Смекни!
smekni.com

Полиция нравов (стр. 6 из 14)

В последующие века пьянство не уменьшается, принимает хронический характер, становится коренным народным пороком. Особенно поражаются им иностранцы, посещавшие Россию в XVI и XVII в. «Несчастные работники и ремесленники, – пишет в своих записках англичанин Флетчер, – часто истрачивают в кабаках все то, что должны были бы принести своим женам и детям; часто можно видеть, как они пропивают даже одежду и остаются совершенно голыми». A вот что говорит Олеарий, саксонский ученый, посетивший Россию в первой половине XVII в. и тщательно изучивший русские нравы того времени: «русские преданы пьянству более всякого другого народа в мире. Когда они не в меру напьются, то, как необузданные звери, неистово предаются всему, к чему побуждают их страстные желания. Порок пьянства, – продолжает Олеарий, – одинаково распространен в русском народе во всех сословиях, между мужчинами и женщинами, старыми и малыми, духовными и светскими, высшими и низшими, до такой степени, что вид валяющегося в грязи пьяного человека – здесь явление самое обыкновенное».

Едва ли можно заподозрить в неверности или преувеличенности эти показания иностранцев. С ними вполне согласуются и свидетельства отечественные, показания таких лиц, у которых нет повода предполагать пристрастное отношение. Вот что, напр., говорит Юрий Крижанич, при всех своих симпатиях к русскому народу, с которым он, по происхождению хорват, сроднился долгою жизнью в Москве, куда он был вызван царем Алексеем Михайловичем: «преимущественно же перед всеми народами свойственно нам пьянство. Можно обойти весь свет и нигде не найти такого мерзкого, гнусного и страшного пьянства, как здесь, на Руси». С другой стороны, о том же явлении говорят и официальные документы, Так, в актах Стоглаваго собора (полов.

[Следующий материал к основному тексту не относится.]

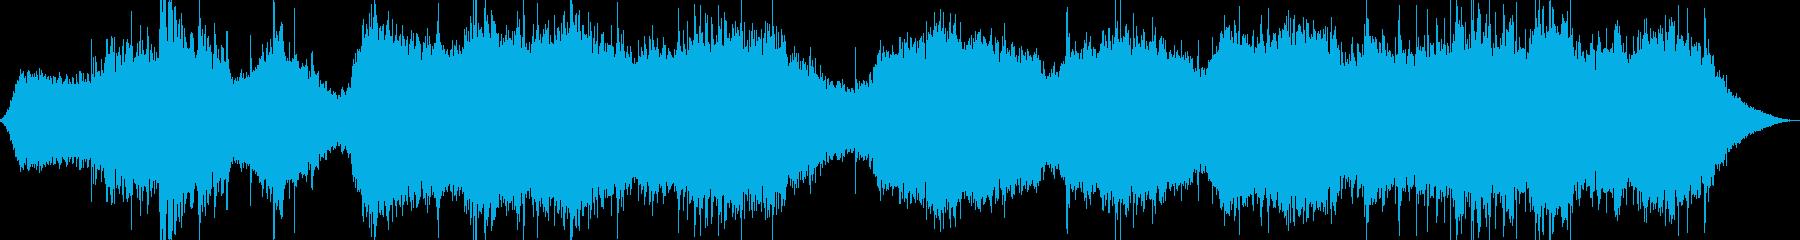 和風 儀式に合うBGMの再生済みの波形
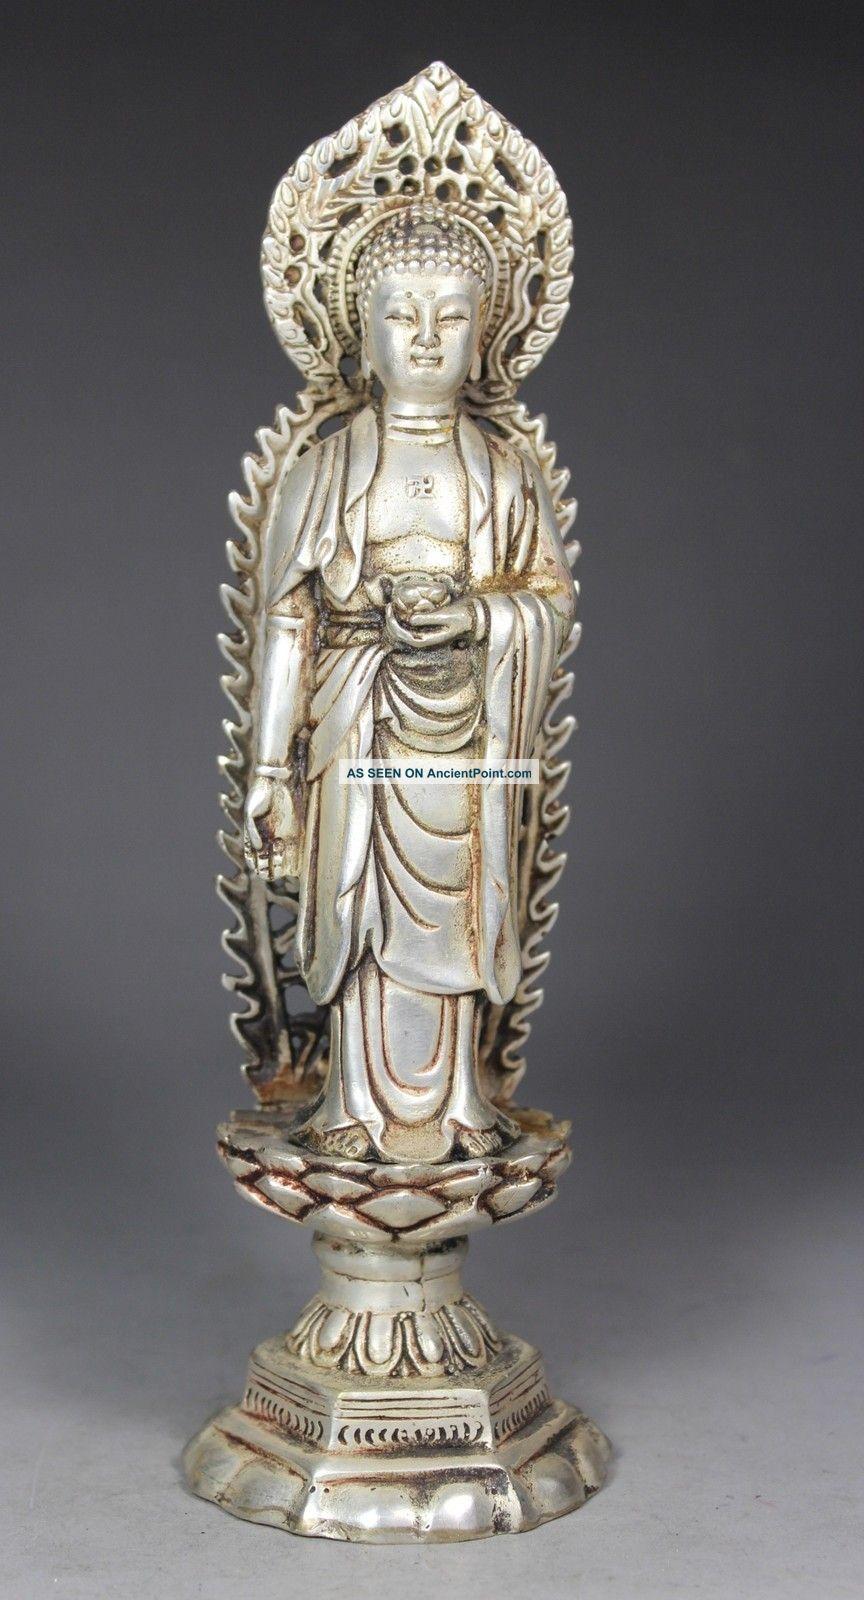 Chinese Old White Copper Wonderful Handwork Hammered Buddha Statue Buddha photo

XVI в.), рисующих неприглядную картину нравственного положения общества того времени, мы видим упоминание о широком развитии пьянства, и в частности среди духовенства. Постановления собора ополчаются против пьянства черного духовенства и, с целью парализовать его развитие, разрешают держать в монастырях только квасы и фряжские вина, но отнюдь не хмельные пития, a тем менее «горячее вино», ибо, говорит Стоглав, «пьянство – начало и конец всем злым делам». Собором приняты меры и по отношению к членам белого духовенства, которые «учнут жити в слабости и пьянстве и в прочих неподобных делах».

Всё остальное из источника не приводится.